Paper documents, on the other hand, will last pretty much indefinitely if properly stored, and never become obsolete. I’ve handled paper documents from the 15th century that are still as fresh as the day they were written. Medieval parchment and vellum documents can last even longer — as of course can papyrus. The Dead Sea Scrolls, written as early as the third century BC, were still perfectly legible when discovered in the 1940s. Try burying a USB drive in the desert for two millennia and see how far you get.

Scanning hundreds of thousands of sheets of paper is no small undertaking. Past projects (like the mass scanning of historical newspapers, which were also then thrown away) have produced uneven results, not least because no human being can sit in front of a scanner eight hours a day and take as much care with the last paper they scan as they did with the first. Historians like me who have worked with digitised documents will confirm that scans can often be illegible and require recourse to the original manuscript or document in order to determine what the thing actually says. Unless, of course, those originals have been thrown out. Colleagues who try and fail to read newspapers of the 1970s from rapidly decaying microfilms (the cutting-edge technology of their day) can tell you precisely why the MoJ plan is such a disastrous idea.

This great push to destroy the nation’s historical record comes, as many of the worst ideas do, in the name of cost-cutting

This great push to destroy the nation’s historical record comes, as many of the worst ideas do, in the name of cost-cutting. Of course, cost-cutting is the last thing this project will achieve. Digital documents require servers to store them, networking to connect them to the internet, staff to maintain the machines and databases, and massive amounts of electricity and water to keep the whole enterprise humming. Servers and storage drives will need to be replaced as they come to the end of their useful lives, further adding to the costs. Those costs grow as the digitised archive grows — and unlike with paper archives, the documents disappear instantaneously if those bills are not paid. At each replacement cycle, there is the possibility of more data getting lost or purged.

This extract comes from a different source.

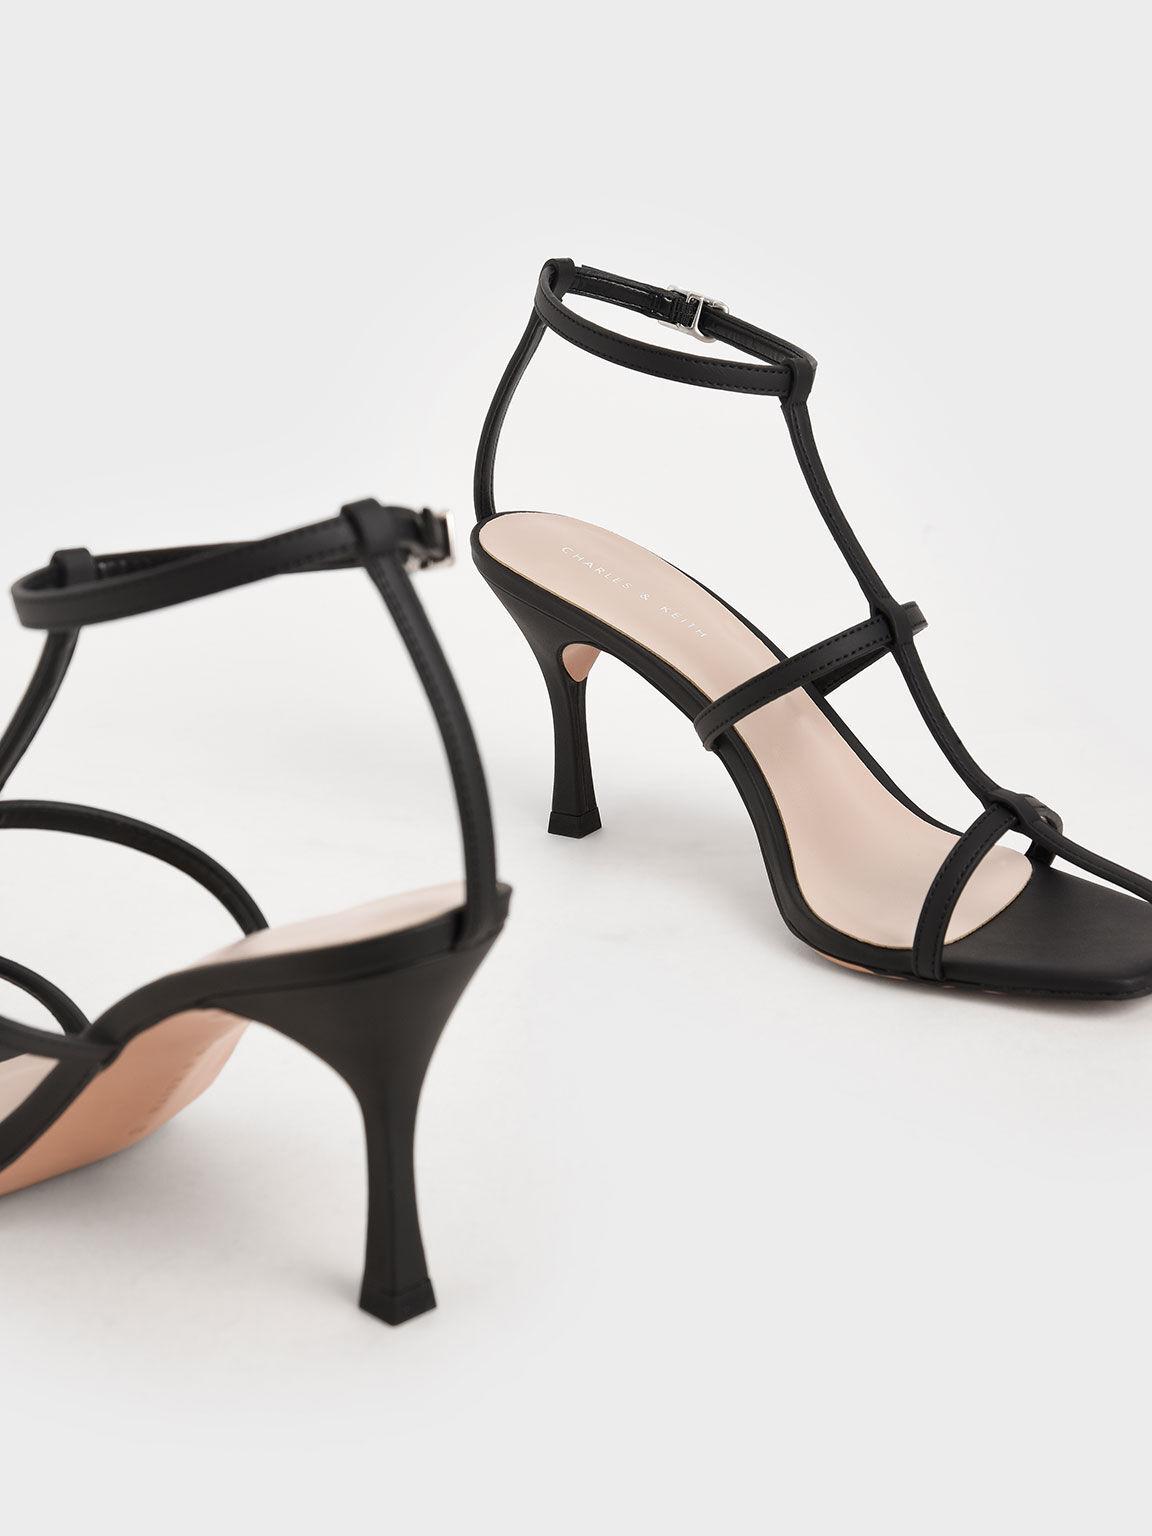 Caged Strappy Heeled Sandals, Black, hi-res

Despite the costs, digitising our nation’s probate records is a good thing, which if done properly will enable researchers unprecedented access to material. As Richard Ovenden of Oxford University said, “The cost of storage of originals, and the cost of digital access should be regarded as part of the infrastructure of an open society.” It’s been postulated that, having committed to such a programme, the MoJ must have realised how expensive the undertaking was and decided to save a few pennies by junking the physical records after scanning them. Perhaps their grandmothers never taught them the phrase “penny wise, pound foolish” — but it’s time they learnt it. Of course, they might have learnt it had they done an impact assessment of the project — but no such assessment was done. The cost savings are merely assumed, and never mind the impact on historical research.

The proposed mass destruction of our nation’s probate records archive is a colossally short-sighted exercise in culturally and historically illiterate cost-cutting, which will achieve the opposite of the purpose for which it was intended, whilst making everything permanently worse. Par for the course with this Government, you may think, but at least in this instance there’s still time to stop it.